Galleries, artists forced to get creative in response to coronavirus pandemic

A mural urges residents to stay home as a couple wearing masks kiss while taking a selfie on La Brea Avenue in Los Angeles on Saturday. Some urban artists have been inspired by the coronavirus pandemic. Photo by Jim Ruymen/UPI
A mural urges residents to stay home as a couple wearing masks kiss while taking a selfie on La Brea Avenue in Los Angeles on Saturday. Some urban artists have been inspired by the coronavirus pandemic. Photo by Jim Ruymen/UPI | License Photo

April 16 (UPI) -- As soon as states and cities began shutting down non-essential businesses, museums began making their collections available online, whether through simple digital slideshows or more elaborate virtual reality tours.

Large art institutions like New York City's Metropolitan Museum or Paris' Louvre will survive the economic impact of the pandemic, despite temporary closures and staff layoffs.


Smaller art galleries and individual artists, though, could lose everything. While the Guggenheim and the San Francisco Museum of Modern Art rely largely on donations and tourist dollars, smaller galleries must make sales to stay afloat.

Some are having to get creative -- like many other industries -- in learning how to operate in this new world in which they've found themselves.


Like their museum counterparts, galleries are turning to digital exhibits to draw in clients. Representatives from multiple galleries in New York City told Crain's they've created online viewing rooms and are being more transparent about pricing to boost sales.


One gallery, Gagosian, said it's started highlighting one artist each week -- focusing on those who may have had an exhibition canceled -- and listing one artwork and its price from each show for sale for 48 hours.

"To anyone who's not familiar with how the art market works, it's literally the most counterintuitive way to do business," gallery director Sam Orlofsky told Crain's.

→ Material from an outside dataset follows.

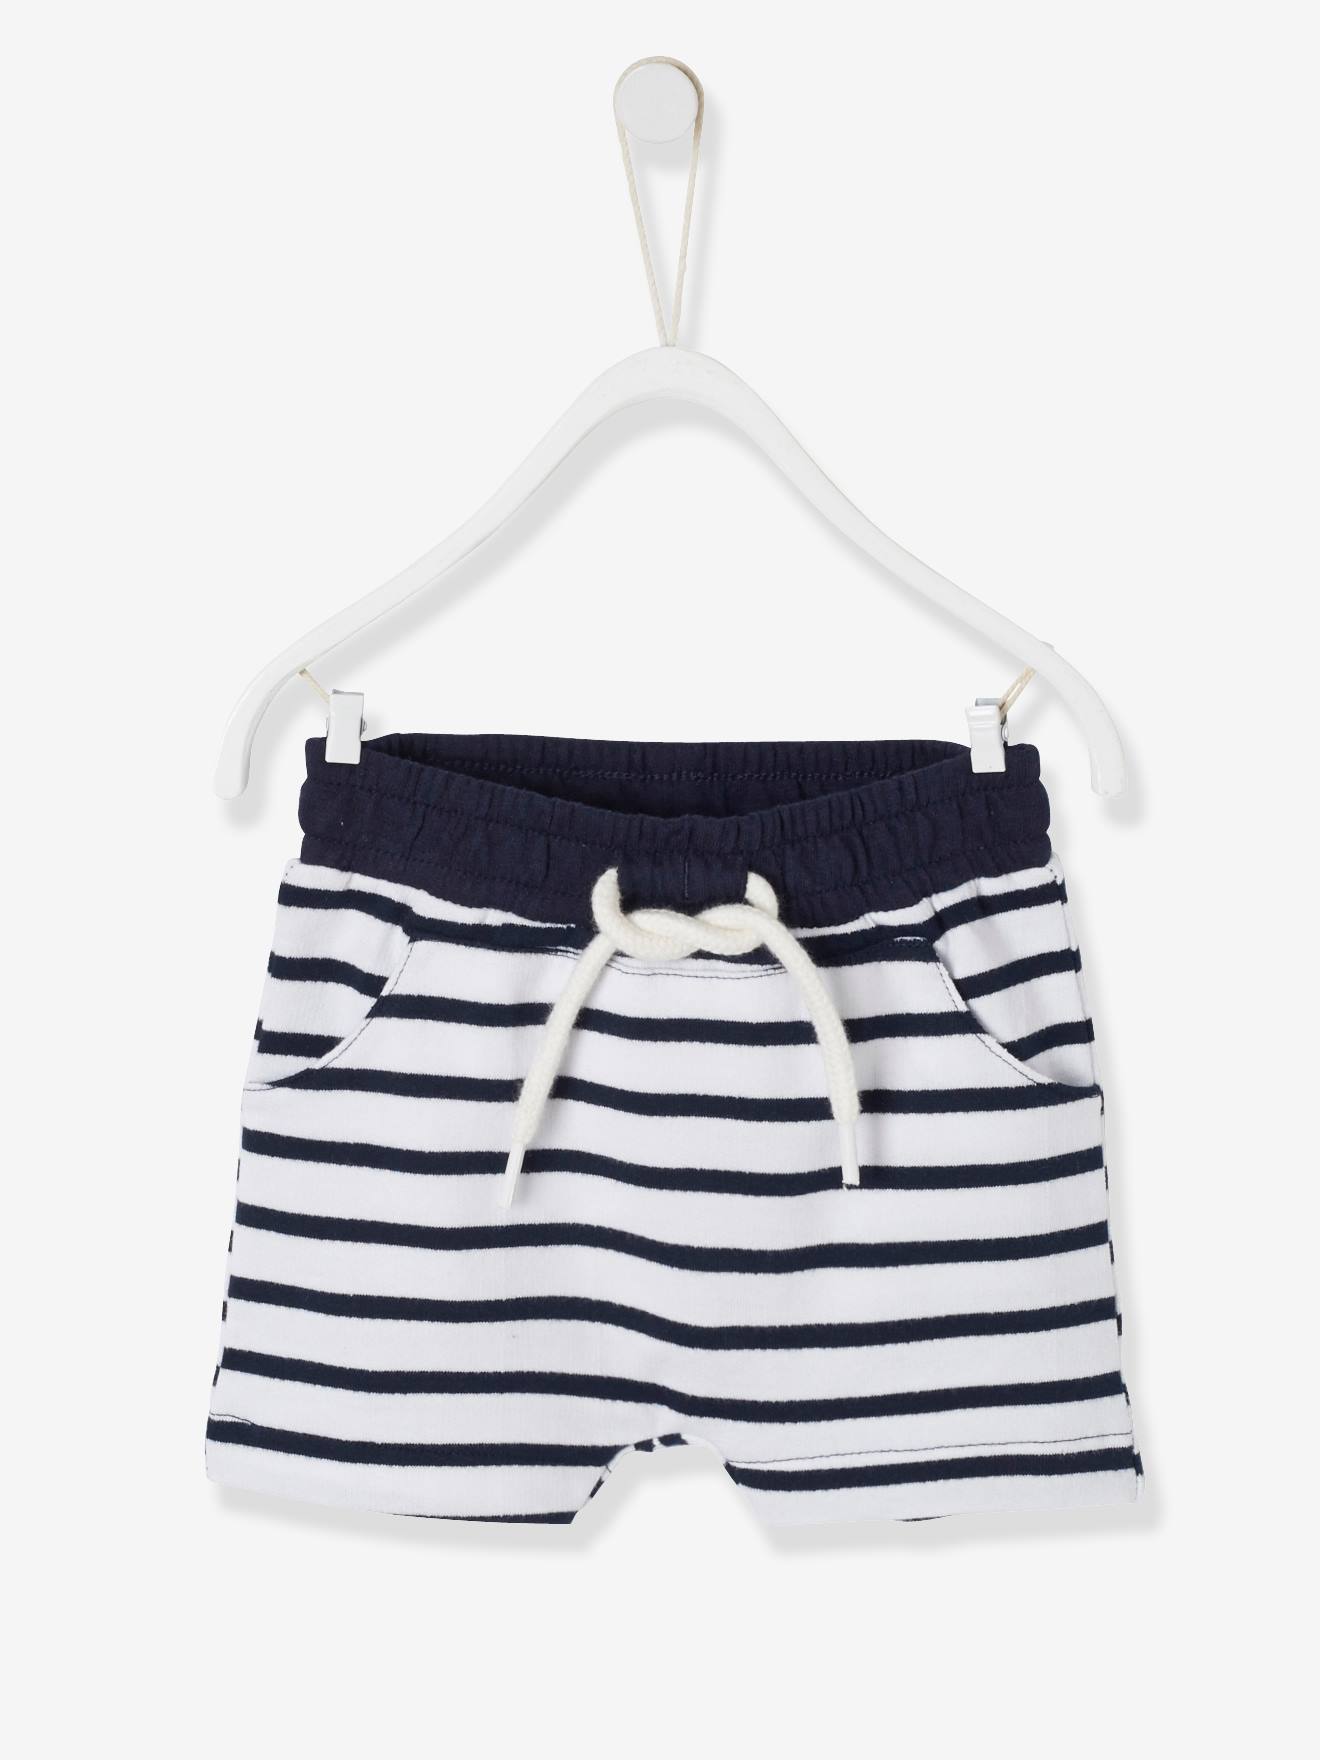 Bermuda Shorts in Fleece for Baby Boys dark blue stripes

For some, galleries, though, even that may not be enough to save their business. Griff Williams, owner of Gallery 16 in San Francisco, said a government small business loan may be able to help pay his five employs through June.

"Past that we may not be able to pay all of our full-time staff," he told the San Francisco Chronicle.

"We have been in business for 26 years and this may very well be the end. Only those with vast cash resources will be able to weather the next several months."

Even large art fairs like Art Basel are offering online viewing rooms for the first time, The New York Times reported last month. The Hong Kong version of the fair was canceled due to the growing virus outbreak, foiling the plans of more than 230 art dealers to bring some $270 million in art to the market.


The Times reported that while most art buyers still prefer to view artworks in person before shelling out thousands -- or even millions -- of dollars, some have become more comfortable making online purchases from galleries and artists with which they're familiar.

"The online platform is something we have envisioned as an important part of what we do," art dealer David Zwirner told the Times. "In a funny way, the art world is late to the party if you think about other retail experiences."

It's possible even more large art fairs will be canceled over the coming months as health experts warn social distancing measures may have to be taken off and on until 2020.

Cultural workers

But it's not just the galleries that are feeling the impact of the various bans on large gatherings and non-essential businesses. Without galleries and fairs, artists have restricted ability to sell their artworks. Without museums operating, a whole host of art handlers, educators and other workers may not have jobs or health insurance.

Next City reported nearly 5 million Americans work as artists or at cultural organizations. In Massachusetts, nearly 58 percent of organizations expect to lay off or furlough employees.


Many large cities have established artist relief funds, including Boston, Cambridge, Mass., and Denver. Some are providing no-strings-attached grants for artists, prioritizing those with lower incomes.

"Half of our budget is dedicated to funding and programming for individual artists. They are our friends, family and community," said Boston's chief of arts and culture, Kara Elliott-Ortega.

A group of non-profit organizations have also established the Artist Relief fund, making about $10 million in grants for artists impacted by the economic downturn caused by the pandemic. About 2,000 people will receive $5,000 unrestricted grants.

United States Artists CEO Deana Haggag told Quartz the application process will be pared down compared to the normal elaborate application process for artist grants.

"You do not have to upload anything -- no paperwork, no work samples," she said. "We are thinking critically about equity, access, geographical range and discipline range ... we needed enough information to be able to do that. But we didn't want to burden artists to work too hard in a moment when frankly I have no idea how people are being productive."

And while exhibitions are off the table for most artists, many are taking their work to the streets -- literally. Some urban artists say they've been inspired by the pandemic, spray painting celebrities wearing face masks, like Jules Muck in Miami, and animated coronavirus cells, like Eric Joza in Brooklyn. Toilet paper makes an appearance in Hijack Art's mural in Los Angeles.